Industrial Peat and a Prussian Plan

Around 1900 a Prussian agricultural ministry official named Dr. Eberhard Ramm proposed something audacious: harvest peat by industrial machine instead of by hand spade. The traditional Fehn colonies had cut peat one strip at a time for centuries, but Ramm imagined large-scale mechanical extraction feeding directly into a purpose-built power plant. He partnered with Carl Friedrich von Siemens. In 1906 the Nordgeorgsfehnkanal was cut through the bog to drain the area. Specialists and prison laborers arrived first. By 1907 ordinary residents began moving in. By 1909 the peat power plant was producing electricity, eventually distributing it from the Ems to the lower Elbe — a remarkable reach for a generator burning compressed bog. Siemens owned it until 1921, when North West German Power Plants took over. At its peak in 1952 the plant employed about 1,200 people and consumed roughly 120,000 tons of peat a year.

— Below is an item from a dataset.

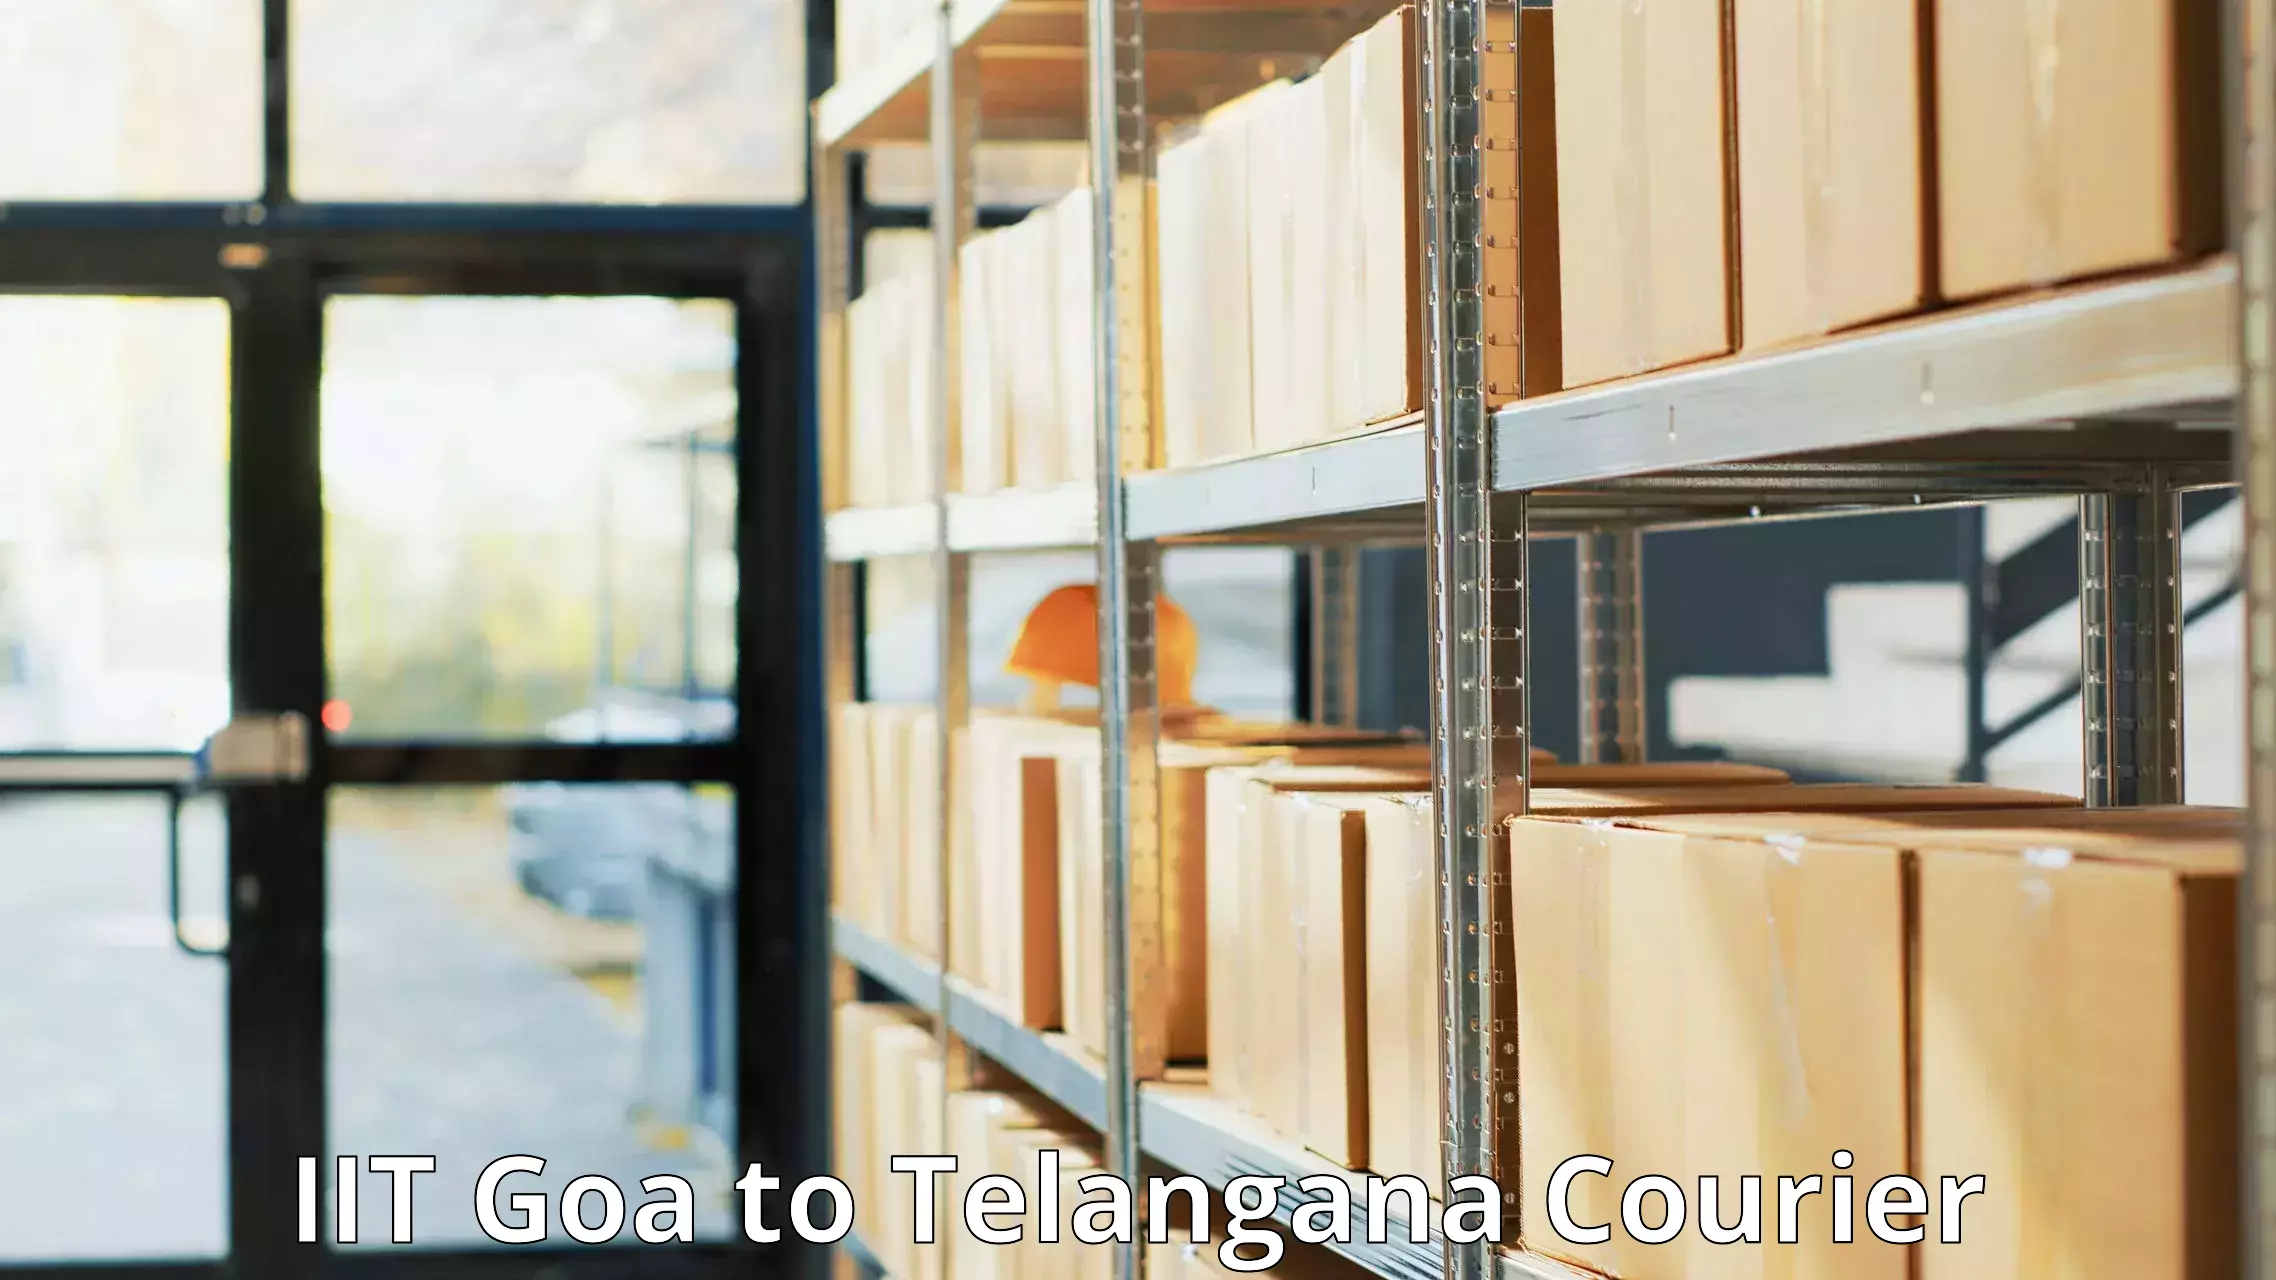 Express courier facilities IIT Goa to Bhuvanagiri

Greenhouses, Cucumbers, and a Blossom Queen

The waste-heat greenhouses, expanded after the war by the Ernst Benary flower company with twenty new houses and forty hectares of outdoor growing, turned Wiesmoor into a serious horticultural producer. About 200 people worked the greenhouses in the early 1950s, growing tomatoes and cucumbers that traveled to neighboring European countries and flowers in industrial volume. The first Blütenfest, the flower festival, was held in 1952, on the first weekend of September. It still runs that weekend every year. Each festival selects a new Blütenkönigin — a Blossom Queen — and the outgoing queen, by long tradition, parachutes over the sports field on Saturday evening to signal the start of the party. Monday closes with Kanal in Flammen, fireworks along and over the Nordgeorgsfehnkanal that drained the bog a century earlier.

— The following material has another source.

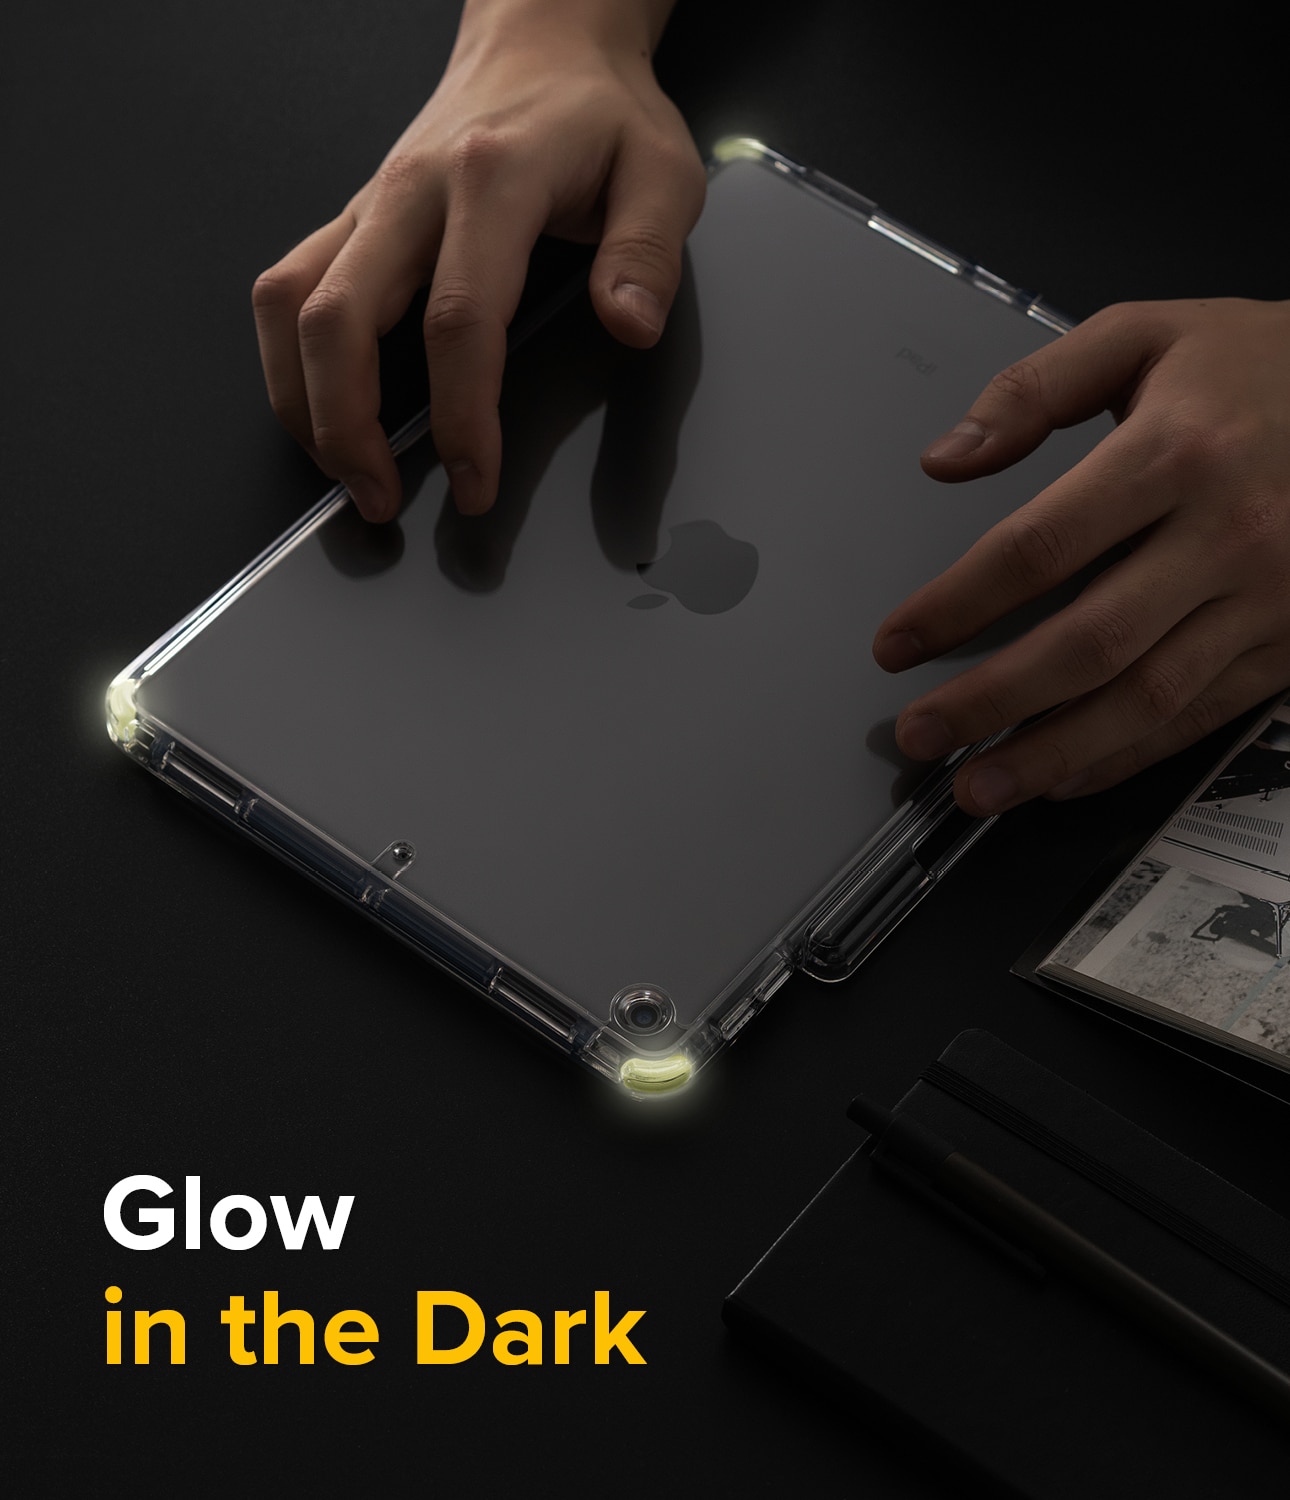 Fusion Plus Case iPad 10.2 7th Gen (2019) White/Lime Glow

Honesty About 1944 and 1989

Two harder dates sit in the town's chronology. During the Second World War, the Wiesmoor area held a forced-labor subcamp attached to the Nazi prison in Emden — part of the broader system of forced labor under German rule, and a piece of local history the town now acknowledges in its civic record. And on Friday 13 January 1989, a Royal Air Force Panavia Tornado from 14 Squadron flying low over the Hinrichsfehn district collided with a German Alpha Jet of Jagdbombergeschwader 43 at around 9:50 in the morning. Wreckage came down near a primary school. Both Tornado crew were killed: navigator Fl Lt Alan George Grieve, 28, of Forres in Moray, who left behind his wife and an 18-month-old daughter; and pilot Fl Lt Michael Peter Staveley Smith, 37, married with two sons. The German pilot, Hermann Späth, 38, ejected and survived. The 1995 demolition of the gas turbine power plant that had replaced the peat one closed the industrial chapter that had created the town. The Luftkurort designation Wiesmoor earned in 1977 — air-spa status for the quality of its air — closed it, in a sense, twice.

From the Air

Wiesmoor sits at 53.4 N, 7.733 E in the southeastern Aurich district, about 30 km inland from the North Sea and roughly central in the East Frisian peninsula. From altitude look for the long, straight Nordgeorgsfehnkanal cutting east-west, with the town's regular grid pattern along it and clusters of glasshouses catching the light. Surrounding country is dark cultivated former bog. Closest sizable cities: Wilhelmshaven (30 km NE), Oldenburg (45 km SE), Bremen (80 km SE), Groningen (80 km SW). Nearest airports: Wilhelmshaven (EDWI) about 25 km north, Bremen (EDDW) about 80 km southeast, Emden (EDWE) about 40 km west. Light aircraft can use Leer-Papenburg (EDWF) about 35 km southwest. Best visibility is on cool, clear high-pressure days; the bog releases ground fog in autumn and early winter.